You should use a two-way ANOVA when you’d like to know how two factors affect a response variable and whether or not there is an interaction effect between the two factors on the response variable.

For the results of a two-way ANOVA to be valid, the following assumptions should be met:

Normality — The response variable is approximately normally distributed for each group.
Equal Variances — The variances for each group should be roughly equal.
Independence — The observations in each group are independent of each other and the observations within groups were obtained by a random sample.

A researcher wants to know whether test scores are influenced by Gender or Age or both. She collects information with regards to this experiment. The data she collected is as follows. The level of significance is 0.05.
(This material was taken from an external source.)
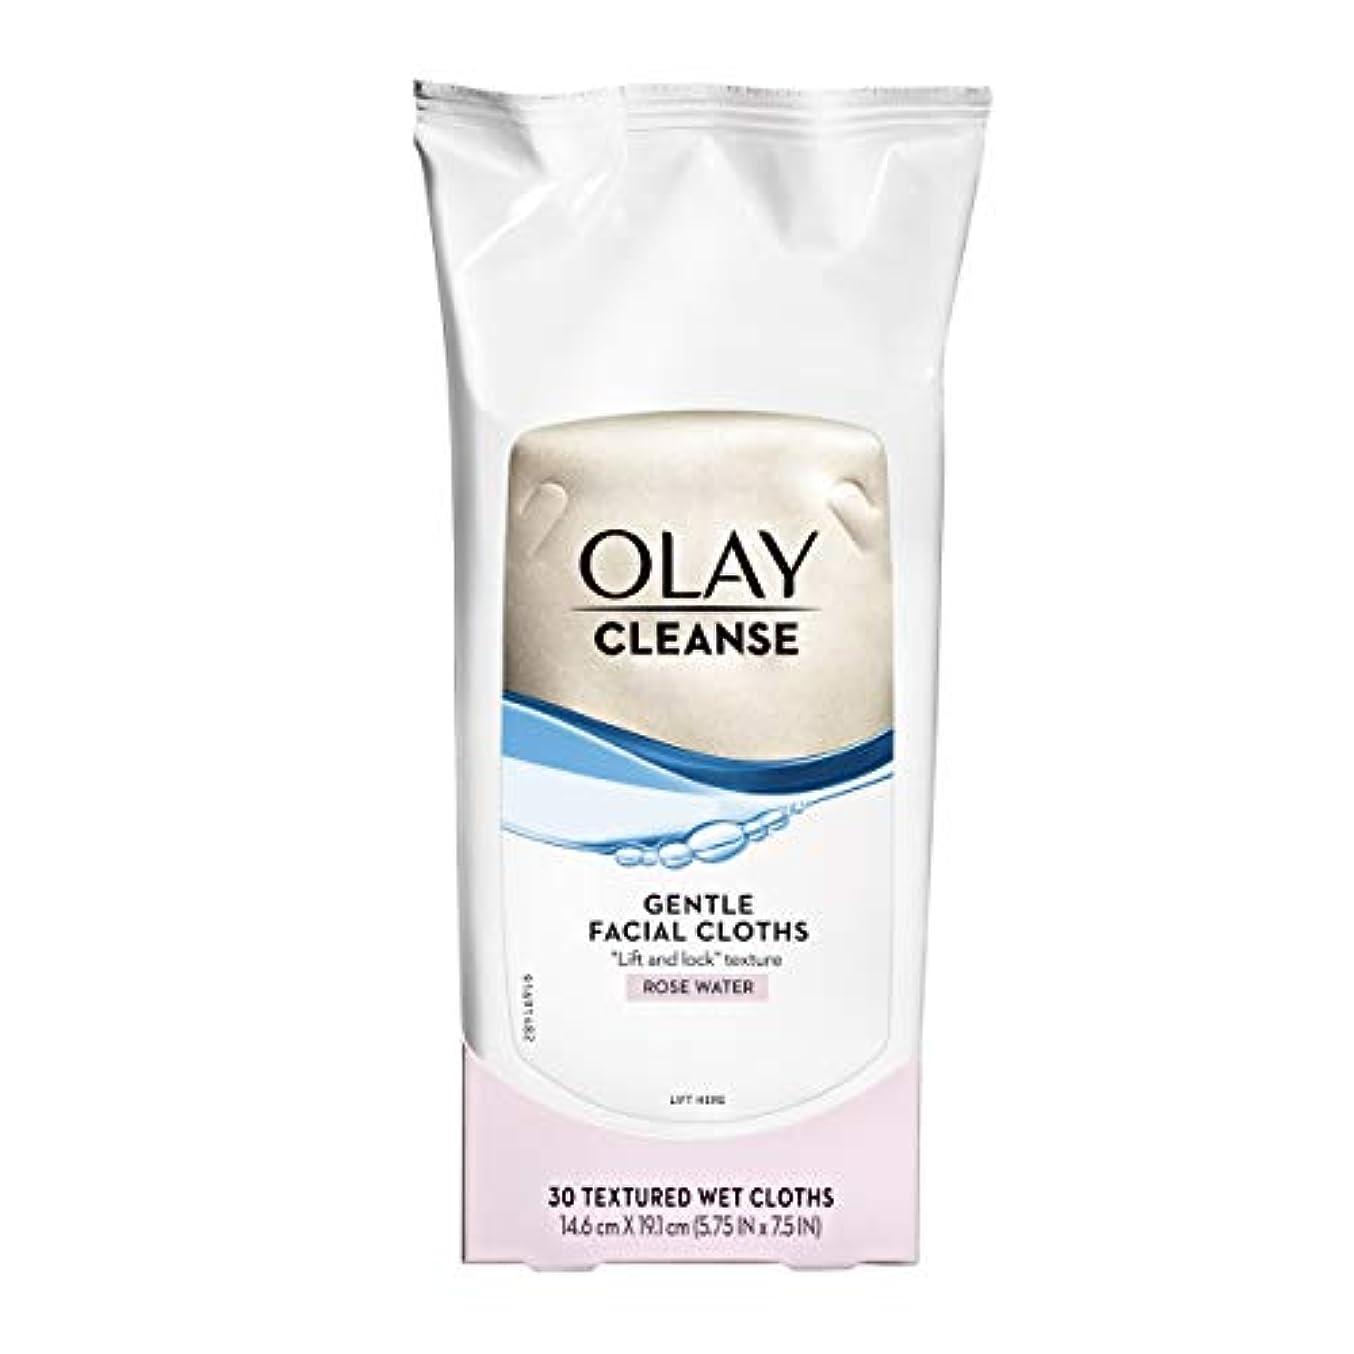 朝の体操をするまたねスモッグOlay Normal Wet Cleansing Cloths 30 Count (Pack of 3) (並行輸入品)

I replicated the data using python.

import numpy as np
import pandas as pd
import statsmodels.api as sm
from statsmodels.formula.api import ols
data = pd.DataFrame({'Gender': np.tile(np.repeat(['Boys', 'Girls'], 3),3),
                   'Age': np.repeat(['10', '11', '12'], 6),
                   'Score': [4,6,8,4,8,9,
                             6,6,9,7,10,13,
                             8,9,13,12,14,16
                   
                              ]
                  })
data

model = ols('Score ~ C(Age) + C(Gender) + C(Gender) * C(Age)', 
                                             data = data).fit()               
sm.stats.anova_lm(model, typ=2)

Since the p-value of gender (0.035) is less than .05, this means that gender has significant impact on the test scores.

Since the p-value of age (0.006) is less than .05, this means that age has significant impact on the test scores.

Since the p-value of age and gender (0.556) is greater than .05, we can say that gender and age (combined) interaction has no significant impact on the test scores.